Speculation has proved unfounded that the new governor of the Reserve Bank of New Zealand, Graeme Wheeler, might use his first interest rate meeting last Thursday to take a dovish line, preparing the market for an interest rate cut. The New Zealand economy remains strong by the current standards of developed economies, with the International Monetary Fund this month predicting GDP growth of 2.2 percent for 2012. Regardless of whatever international commodity price trends might be, the country is supported by a robust housing market and reconstruction spending after the 2011 earthquake on South Island.

Australia retains one advantage: at 3.25 percent, its central bank rate is 75 basis points above New Zealand’s. This may not, however, be an advantage for much longer. Nomura expects the Reserve Bank of Australia to cut rates for the second month in a row at its November meeting, in response to “the weaker global outlook.” A continuation of rate cuts could leave Australia vulnerable to an outflow of the hot money that has piled into the aussie in the search for decent yields, which have been elusive in the U.S. and most of Europe.

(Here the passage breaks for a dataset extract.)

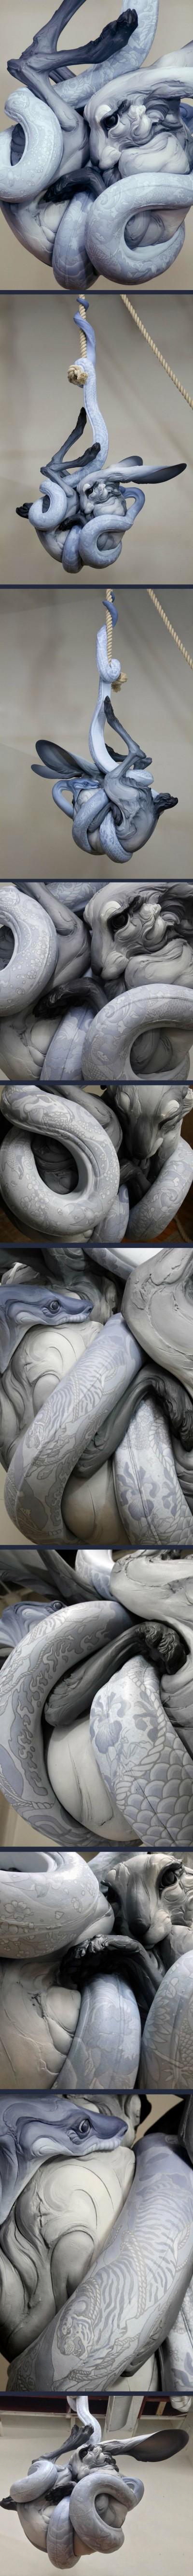 BETH CAVENER STICHTER and Alexandro Gallo – Sculpture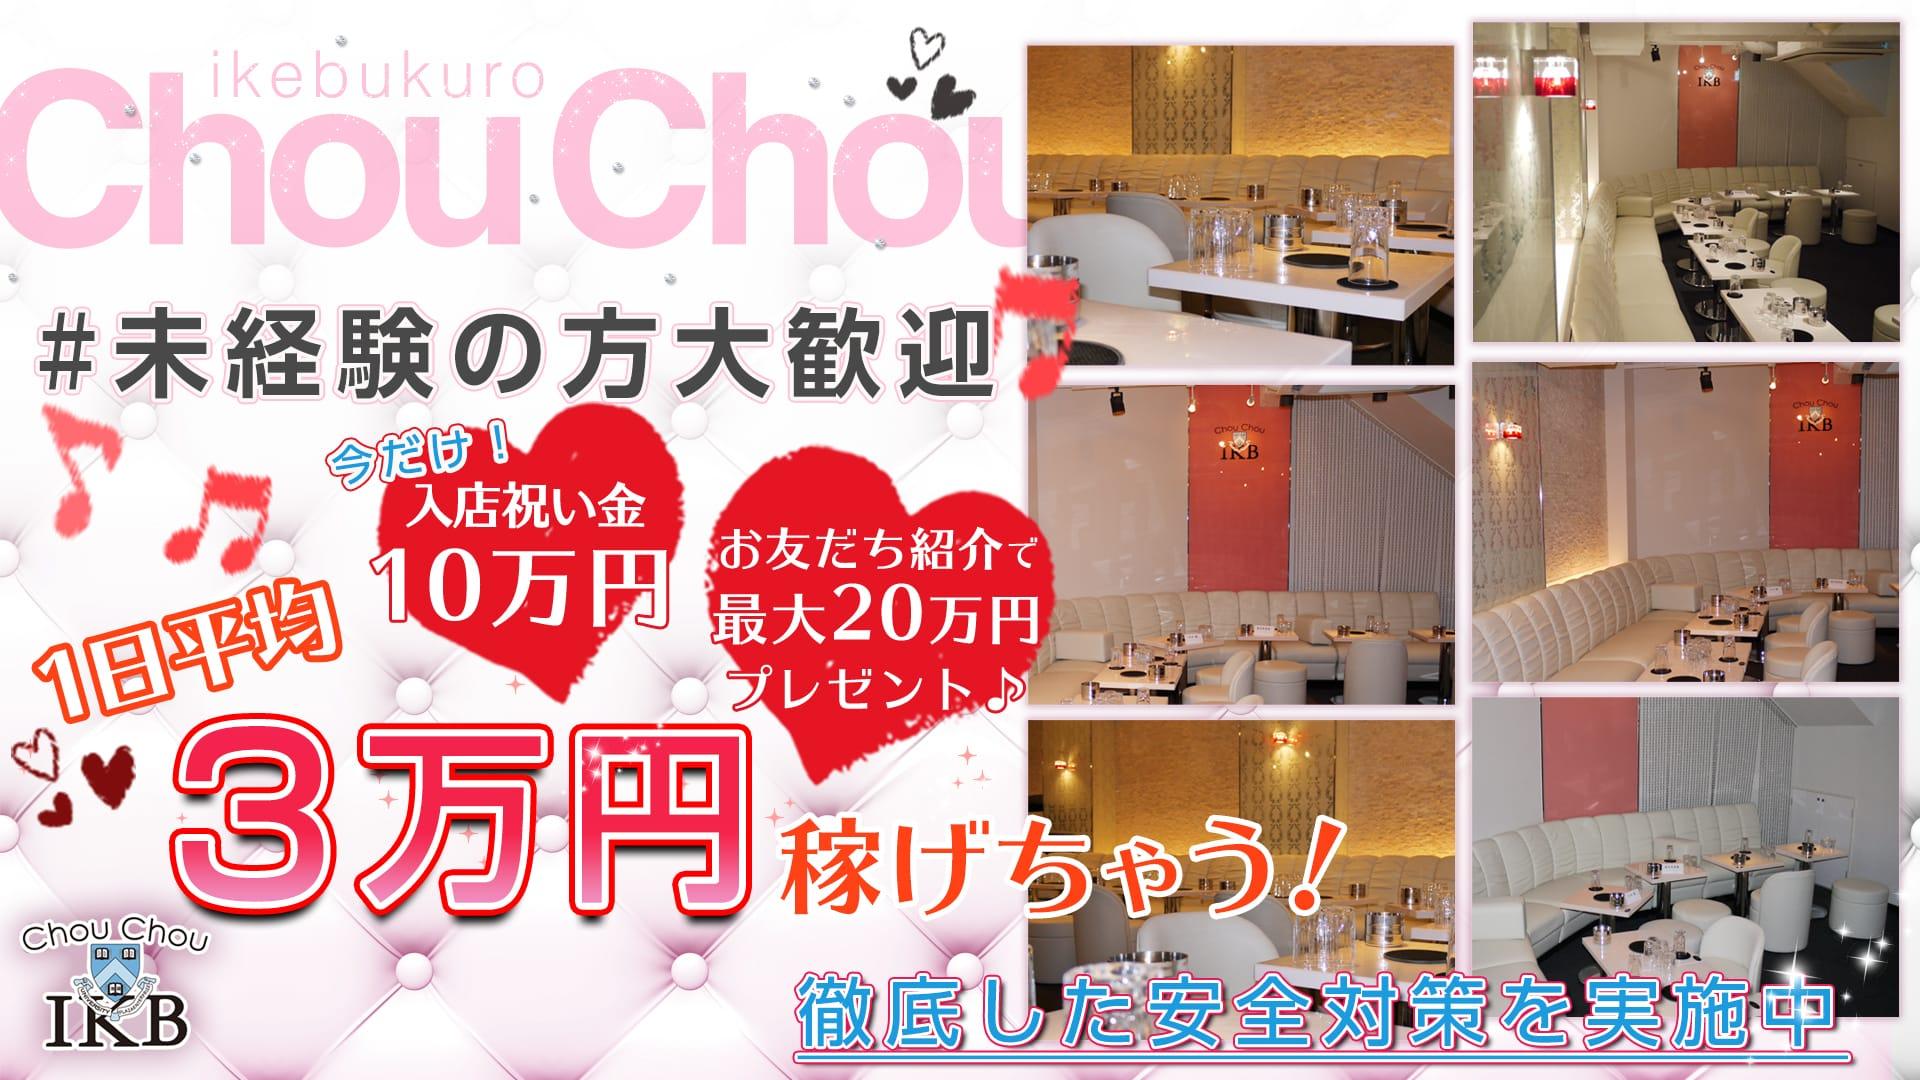 ChouChou(シュシュ)池袋西口店 池袋キャバクラ TOP画像

There are, however, also risks in investing in the New Zealand dollar.

Judging by figures from the Organization for Economic Cooperation and Development showing purchasing power parity — the amount of goods and services that can be bought with $100 in New Zealand, compared with the U.S. — it is about 25 percent overvalued, at a closing price for the week ending October 26 of $0.821. However, this compares with a much higher 60 percent for Australia’s overvaluation against the greenback, on the same basis.

The kiwi retains, moreover, the high risk common to all commodity currencies, which arises from the high volatility of the underlying resources. When global commodity prices crashed after the 2008 credit crunch, dairy commodities were no more able to buck the trend than others —dropping by 35 percent between 2008 and 2009, according to figures from the United Nations’ Food and Agricultural Organization. Hit by the price fall of these and other resources, the kiwi sank by 40 percent from its early 2008 peak to its early 2009 trough, before rapidly making up most of the lost ground. It is currently 2.7 percent up on the year against the U.S. dollar, recovering lost ground after hitting deep troughs in November 2011 and then in May.

The New Zealand dollar has, however, an attractive allure, as one of only a few truly liquid currencies to offer a strong exposure to agricultural commodities. It encapsulates, therefore, the hopes and fears about global food consumption for the next decade — a topic which could become almost as important to institutional investors as to ordinary consumers.